The “would be nice” features list and costs are included in Appendix C.

Again the Digitization Coordinator could lead the crafting of a contract with Artefactual and a detailed specification for the three features to be added, drawing on the support of the Technical Sub-Committee (see Recommendation 4) and members of the Coalition.

Note that by going with the DCB, an open source solution, the Coalition will automatically and freely benefit as other user groups pay for the addition of other features to the core software. As well, in the future the Coalition may be able to identify partners with whom to share the cost of developing new features where there is a mutual benefit.

Artefactual indicated their development pipeline is full for the next few months, but they could likely launch this service around September of 2011.

D. Additional Needs for Hosting Service

The digital collection hosting service will have a number of additional needs as it is rolled out to the BC community:
● promotion of the service
● a sys admin role creating and managing institutional accounts
● training for staff at participating organizations
● creating collections policies and metadata standards
● setting up procedures for automatic harvesting of metadata by Canadiana
● invoicing of participating organizations
Again it is assumed the Coalition’s Digitization Coordinator would take on much of this work.

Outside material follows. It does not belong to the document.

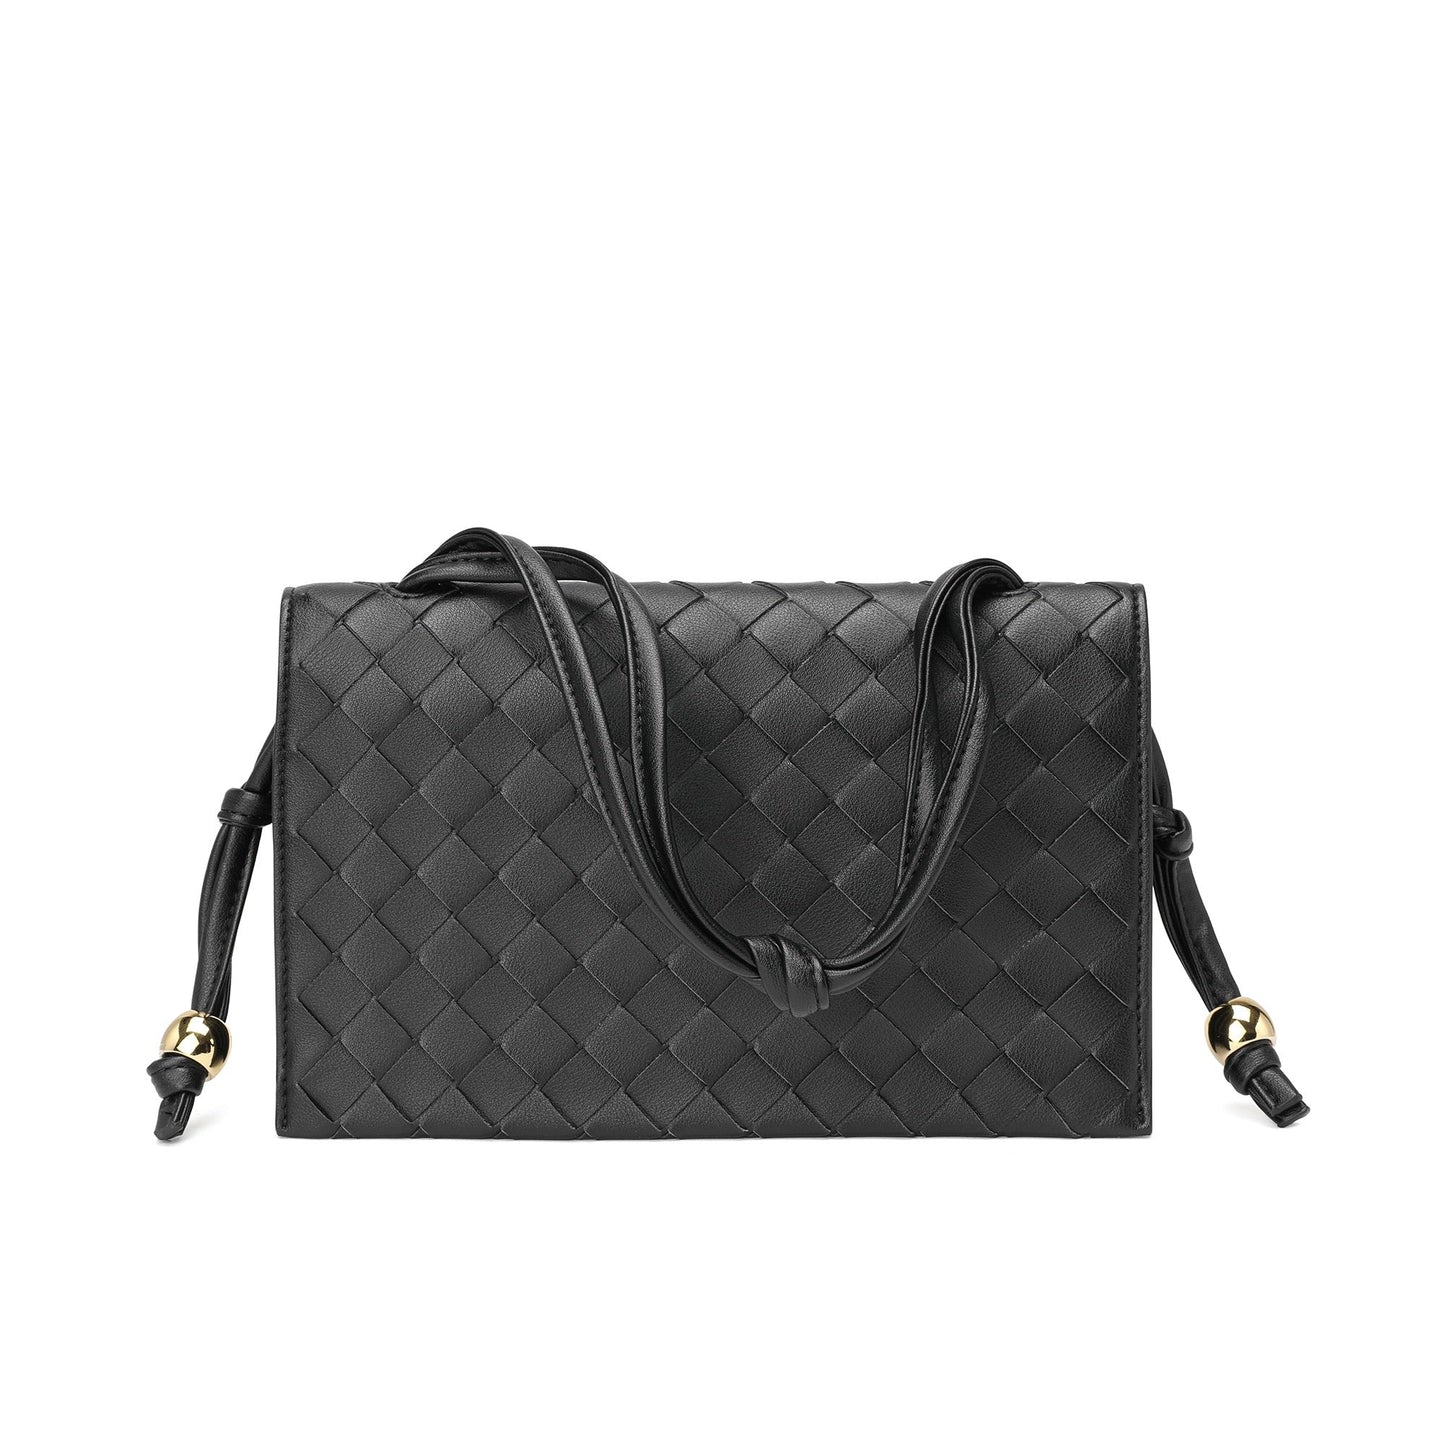 Woven Leather Shoulder Bag/ Clutch

III. Metadata Transformation Service

A. Overview of the Service

Large academic and public libraries who host digital collections usually have the ability to export directly to Canadiana.org, but smaller institutions (such as many of the recipients of the Irving K. Barber BC History Digitization Program) do not. These institutions are unable to have their collections’ metadata harvested by Canadiana.org for technical and/or staff resource reasons. A “metadata transformation” service that provided assistance in getting these institutions’ metadata into the Canadiana.org index would greatly increase the amount of BC content aggregated in the search portal.

Recommendation 3: We recommend the Coalition develop a Metadata Transformation Service by identifying funds per the budget outlined below and hire a metadata transformation specialist.

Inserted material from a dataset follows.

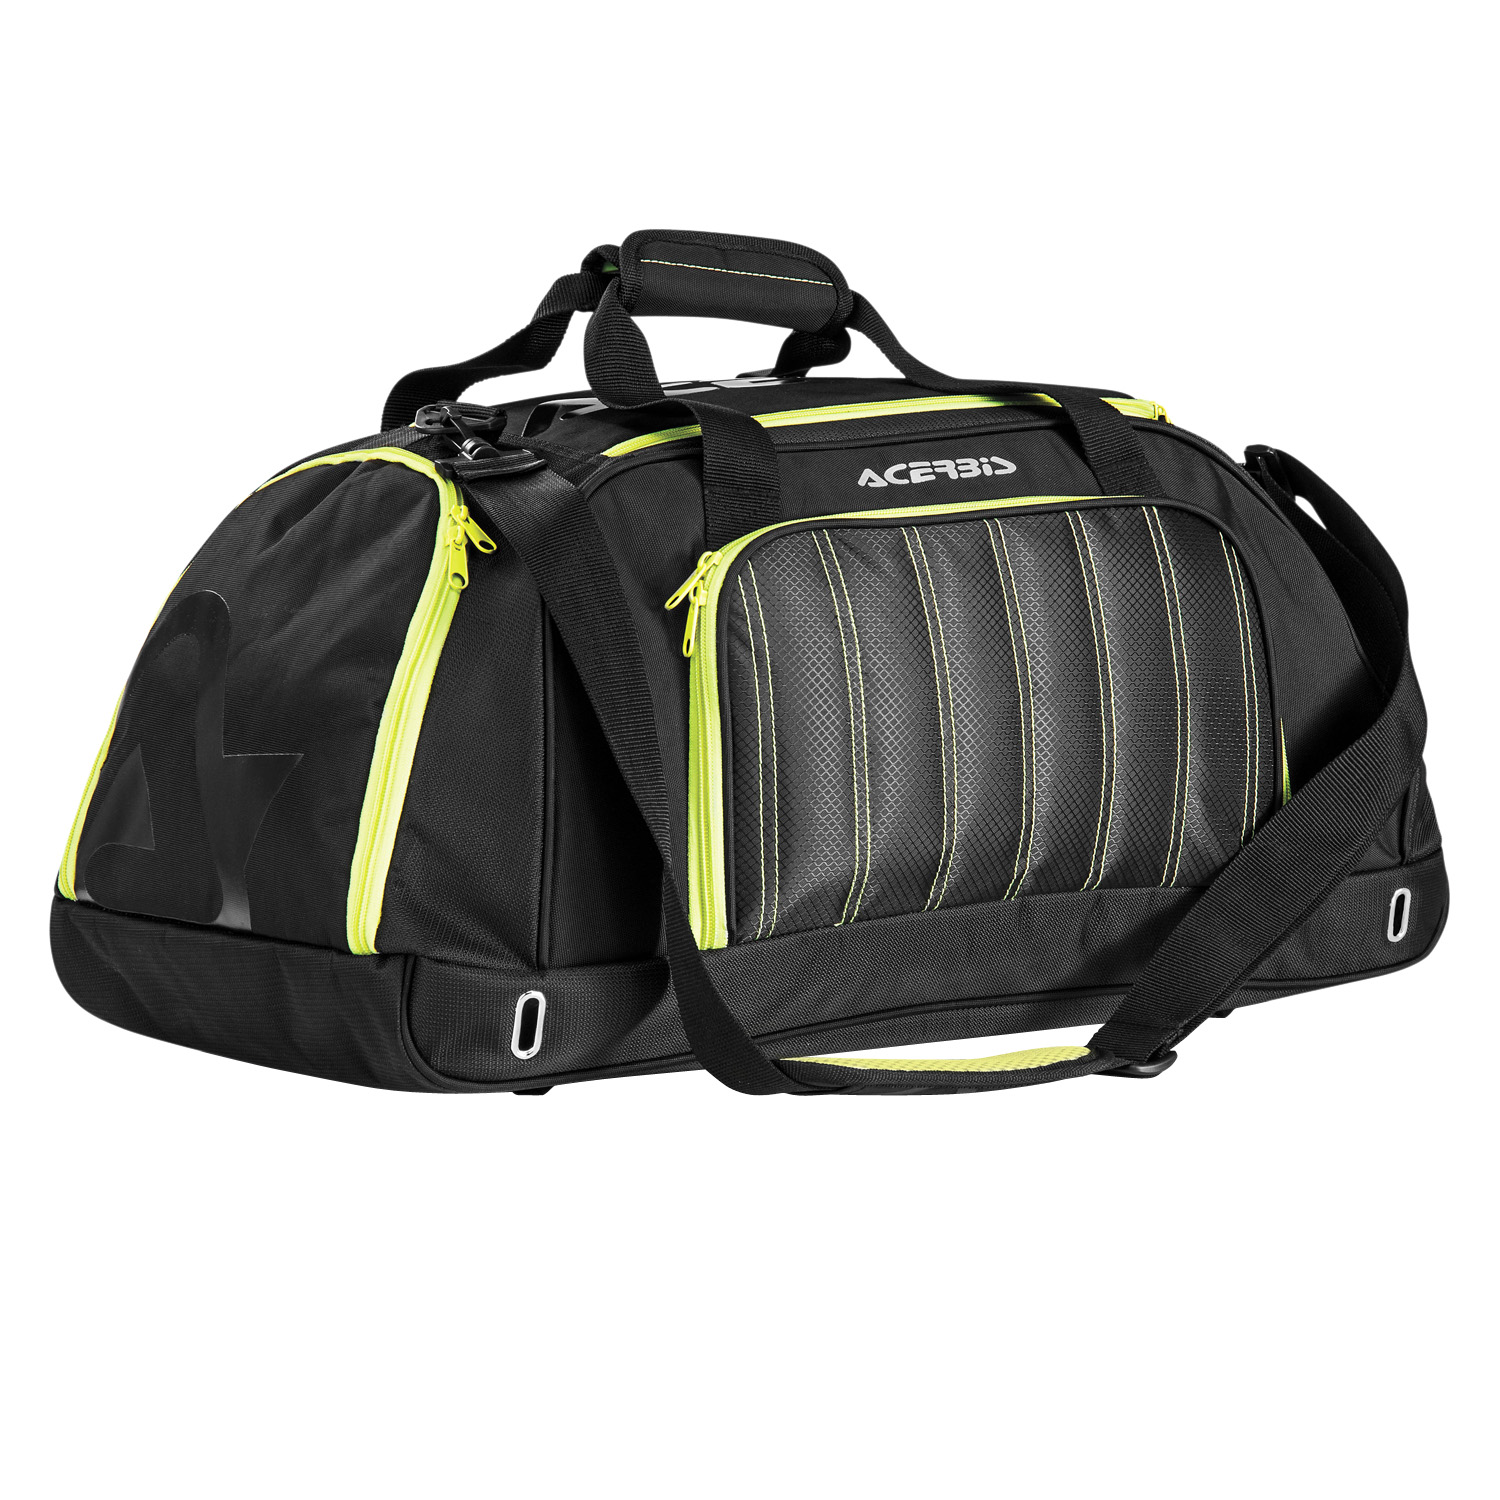 Acerbis Sports and Travel Bag Profile Bag 50 Liter - Black/Yellow

In effect this transformation service is a single individual (the “metadata wrangler”) hired on a part-time contract to work on institutional data migration as and when target collections are identified.

B. Metadata Transformation Specialist Job Description & Budget

The metadata transformation specialist will use technology and tools to the extent possible to convert each hosting institution’s metadata into a format that can be imported directly into the Canadiana.org index. It is likely that a considerable amount of manual or semiautomated work with tools listed below will be involved in many cases. Due to the wide variety of platforms used
to host content, no single solution to exporting metadata (such as OAI-PMH) exists. For example, some collections may be hosted in systems that use a relational database to store metadata, while others may simply embed their metadata in static HTML web pages; even within these two general types of platform, the specialist will need to solve a variety of unique problems. Therefore, this position will require the use of custom scripting in languages such as Perl or Python, the use of spreadsheets and other common data management tools, and the use of specialized tools such as XML editors to transform the incoming data into a standardized output format. The specialist will also document the processes involved with each collection’s metadata so that ongoing work can be more easily performed in the future or in some cases redistributed to the hosting institutions, and, where possible, develop scripted approaches to common or general transformation tasks.

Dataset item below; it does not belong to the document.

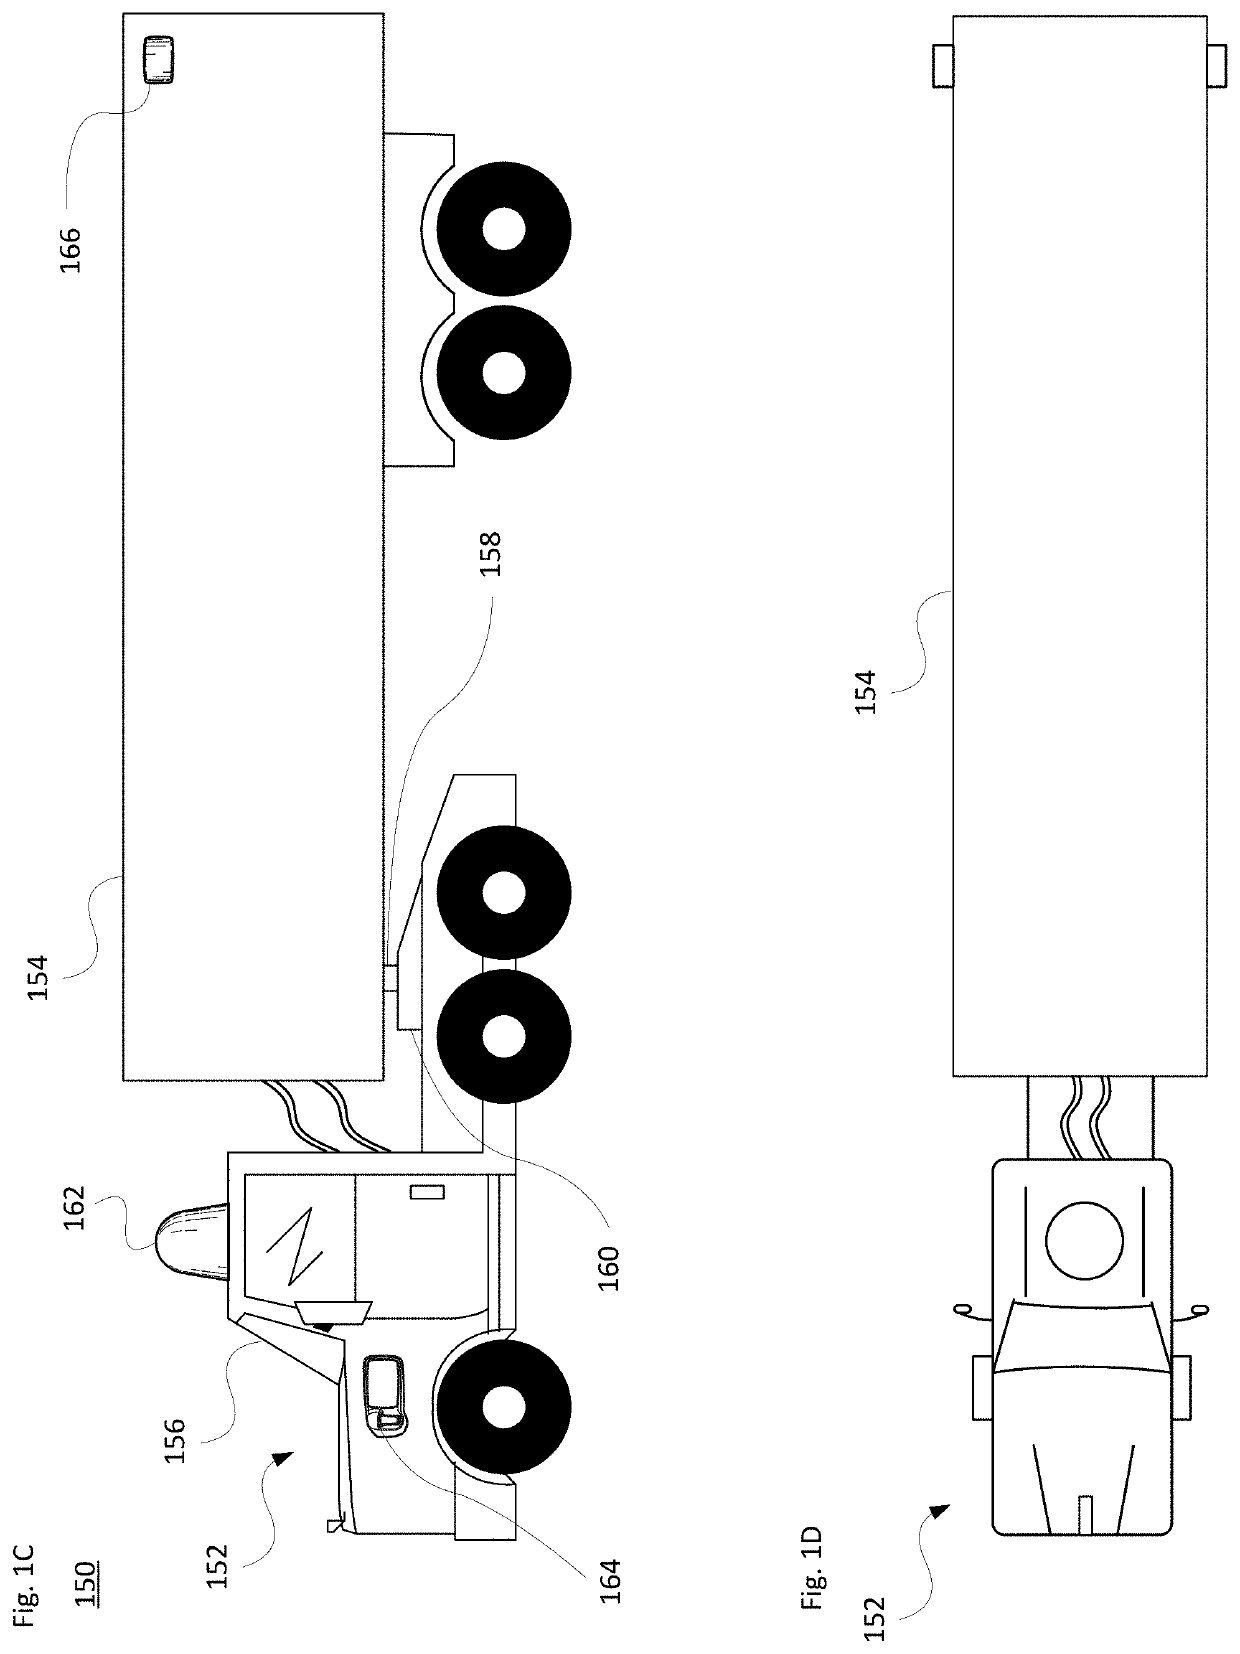 Determining Wheel Slippage on Self Driving Vehicle

Possible qualifications for the metadata transformation specialist will be a professional librarian or archivist who has technical proficiency in the tools listed above and in XML, or a programmer who has experience manipulating library or archival metadata. Knowledge of a variety of metadata standards such as MARC, Dublin Core, and controlled vocabularies would be desirable.

It is likely a suitable candidate could be found in the Lower Mainland, possibly at SLAIS or a new graduate with technical skills.

Budget for Metadata Transformation Service

Metadata Transformation Specialist (6 month contract) $9,000

Notes: The calculation is based on a salary of $30/hour x 15 collections x 20 hours/collection to migrate metadata. Those hours would be spread across the six month period as fits the individual’s schedule.

Supervision of the wrangler could be carried out by the Digitization Coordinator. Support for the Coordinator to identify candidates, carry out the hiring process, and supervise the wrangler’s work could come from the Technical Sub-Committee in Recommendation 4.

As suggested above, a sensible place for the metadata transformation specialist to start would be with the collections funded by the BC History Digitization Program, since this list of collections is well defined and some are thought to be “at risk”. Renewing the contract could be based on evaluation of needs as new collections requiring migration are identified.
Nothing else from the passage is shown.